As always, I come back to my Lutheran foundation here and argue that even though the concept of sin can be so horribly distorted and terribly damaging when it is used as a threat and a stick, it also articulates a truth about human nature that no other word can fully express.  “Sin” reminds me that the goal of a Christian life isn’t to prove anything to anyone, or earn anything before God–simply because that is impossible.  “Sin” reminds me that my faith is not first and foremost about what I do, but about what God has done.  And, finally, “sin” reminds me that I am not more worthy of love if I participate in 100 marches or food drives or blood donations or anything else; I am worthy of love because God made me and loves me–regardless of what I do or do not do.  Period.

Of course, there is more after this:  the state of being sinful always fully coincides with the state of being forgiven; and the joyful response to that can and should take the form of love for the neighbor.  But no matter how much love is in my heart, and in my hands, it doesn’t make “sin” go away.  And neither does not talking about it, or replacing the word with something else.

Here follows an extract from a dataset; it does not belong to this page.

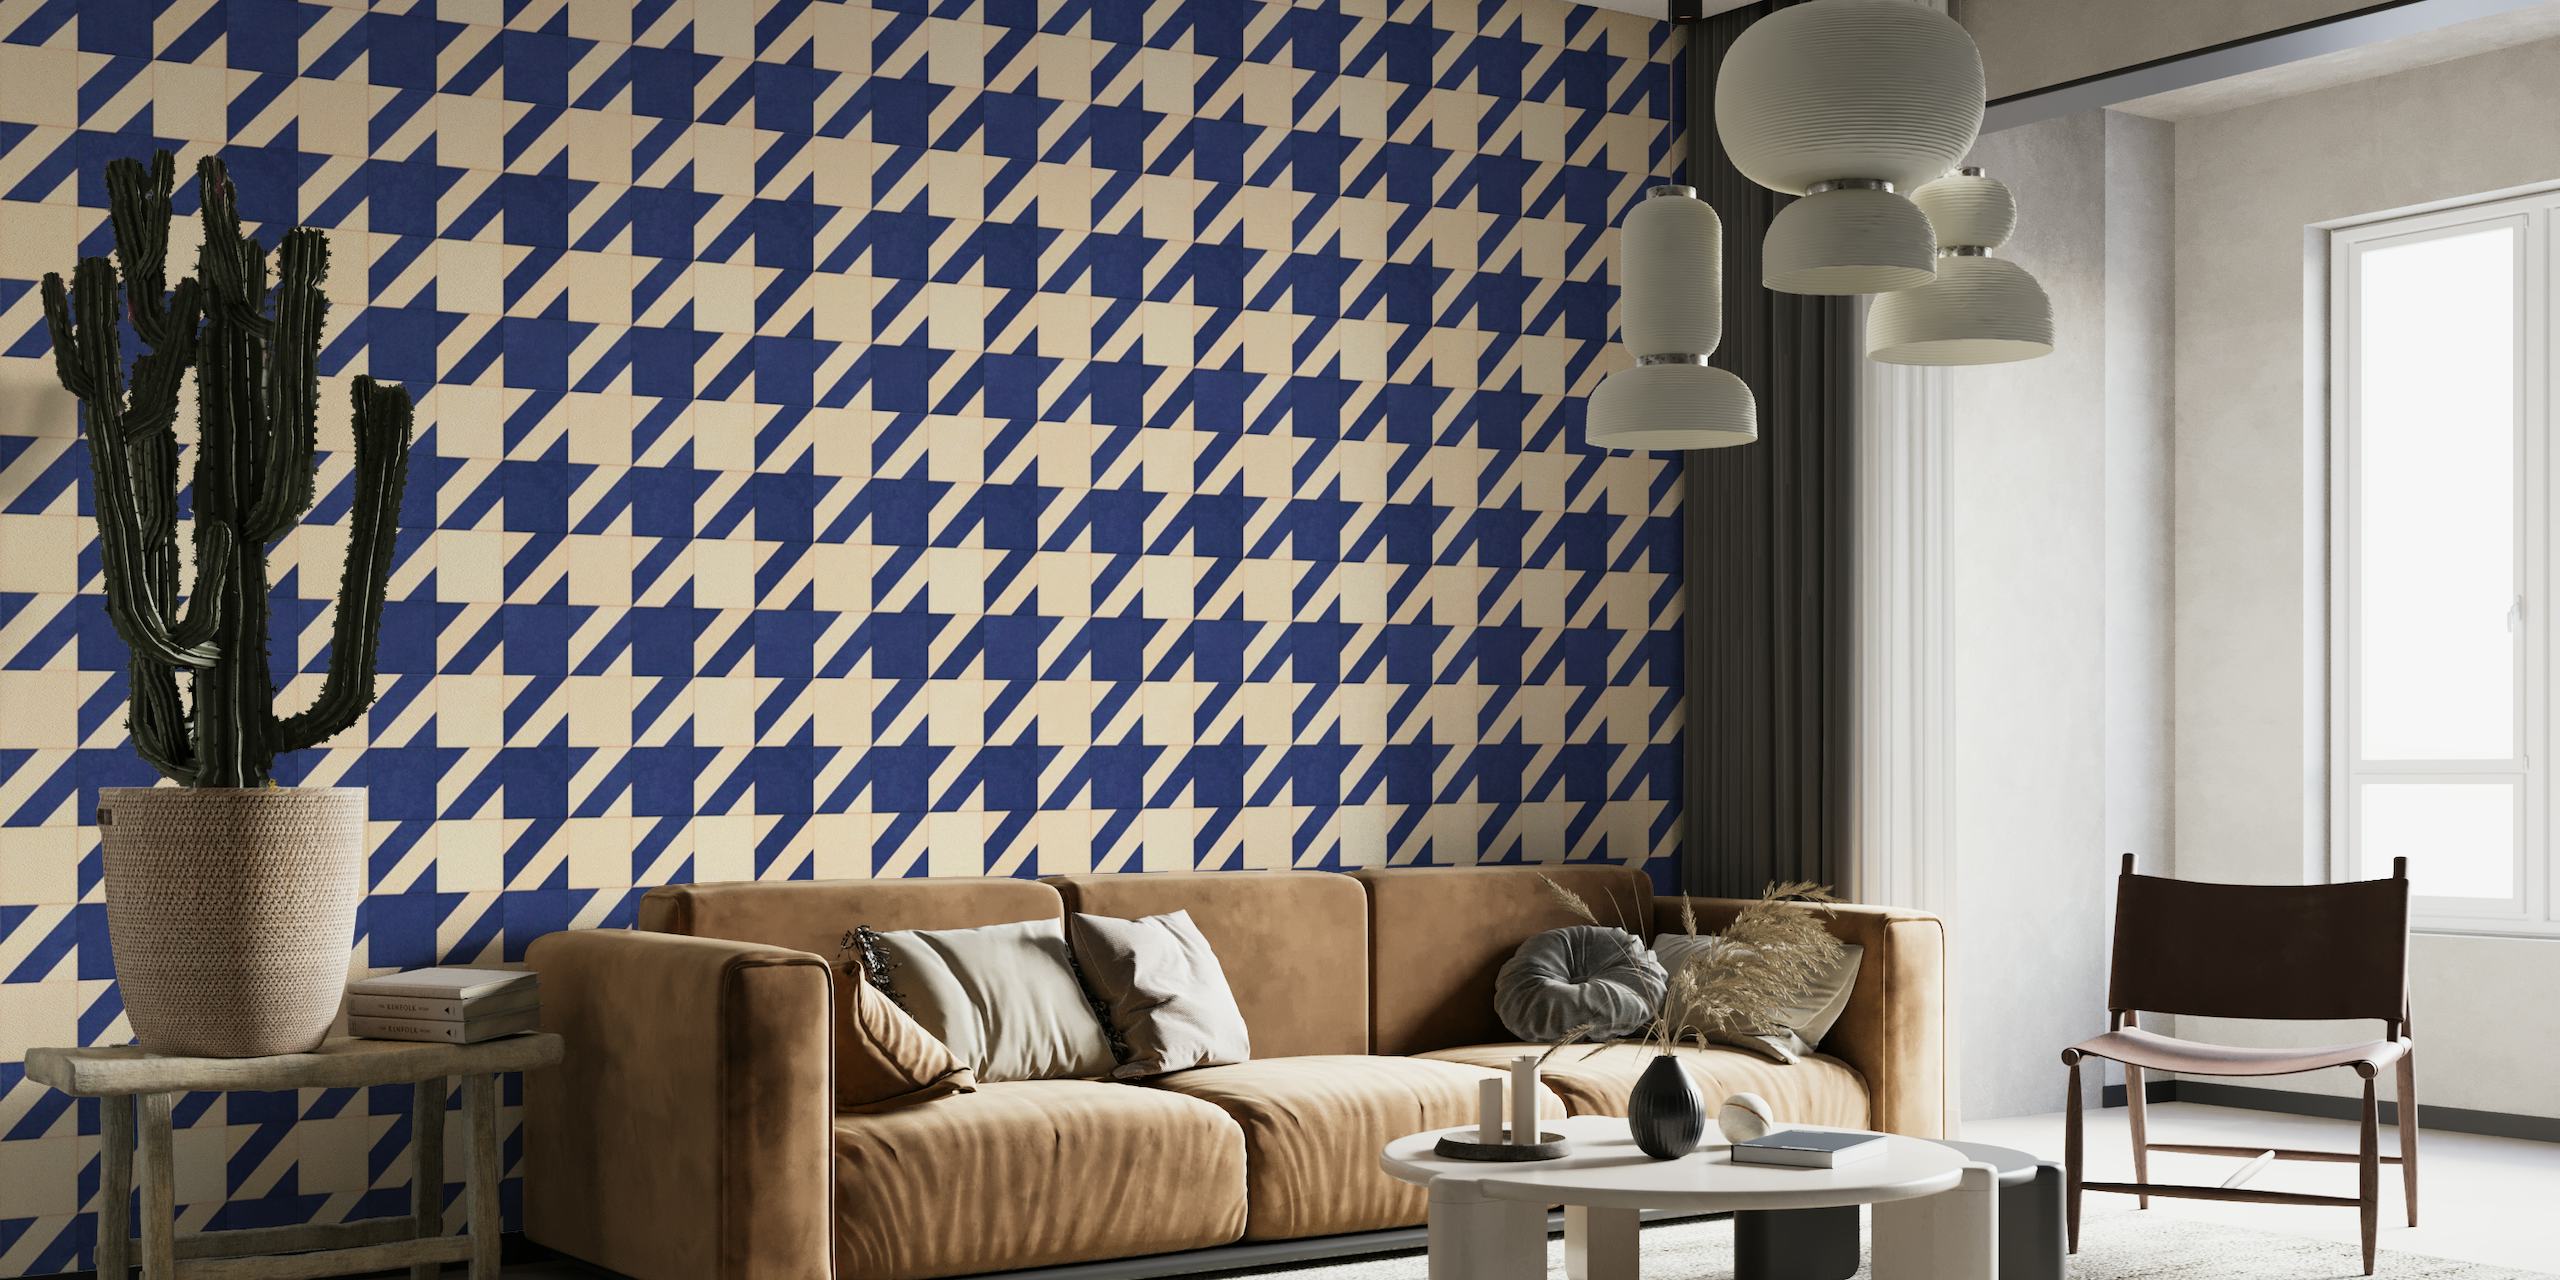 TILES 011 A - Houndstooth tapety
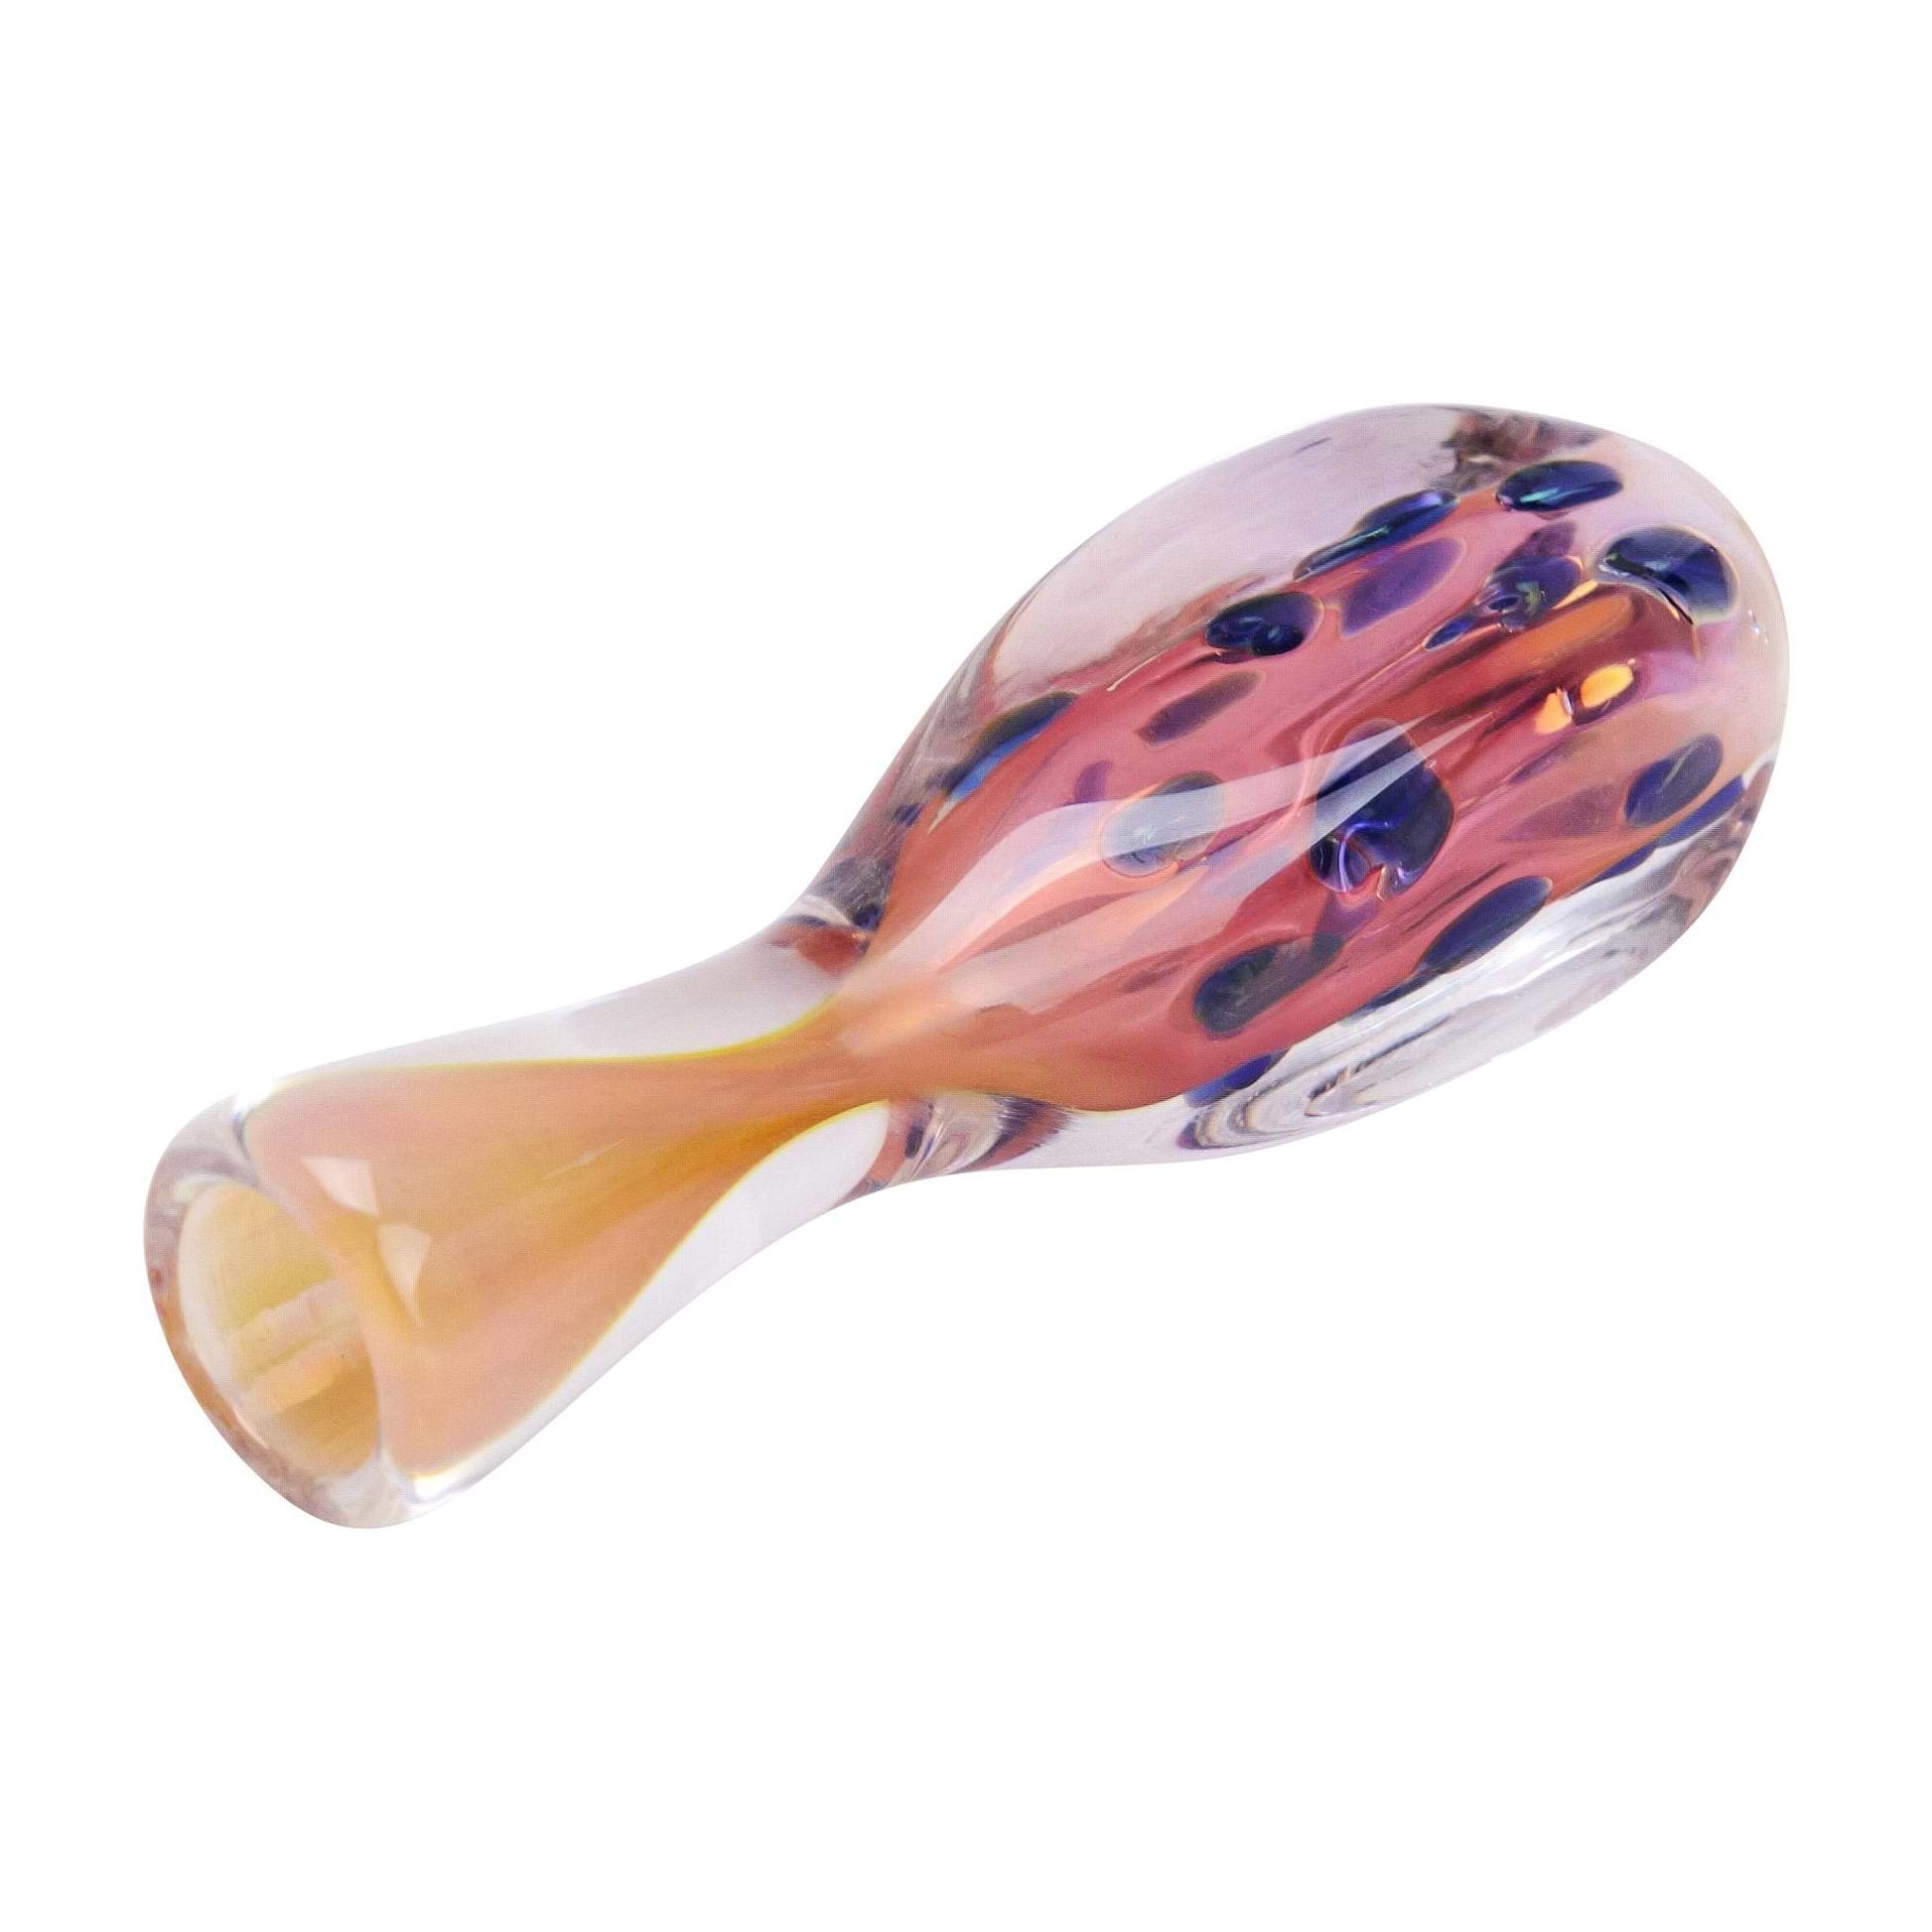 Easy-to-hold and compact multicolored glass oney smoking device glass pipe with a fascinating tadpole shape and look

I certainly can understand why someone who has been so deeply scarred by the church would repudiate its categories and reject its way of seeing the world; the church has lots to repent of in the way it has too often linked being a “good” Christian with being a virgin, a tee-totaler, a mother/father (heterosexual, of course), etc., etc.  But that is not the whole story: law never is, not by itself.

Sin can also pave the way for the proclamation of a joyous word of grace:  the word that we are free from self-justification, free from having to earn love and respect–and free for lives of loving, bold, radical service–not because we have to, but because we get to.  Love is a gift not a demand; in its best articulation, sin reinforces that message, rather than compromising it.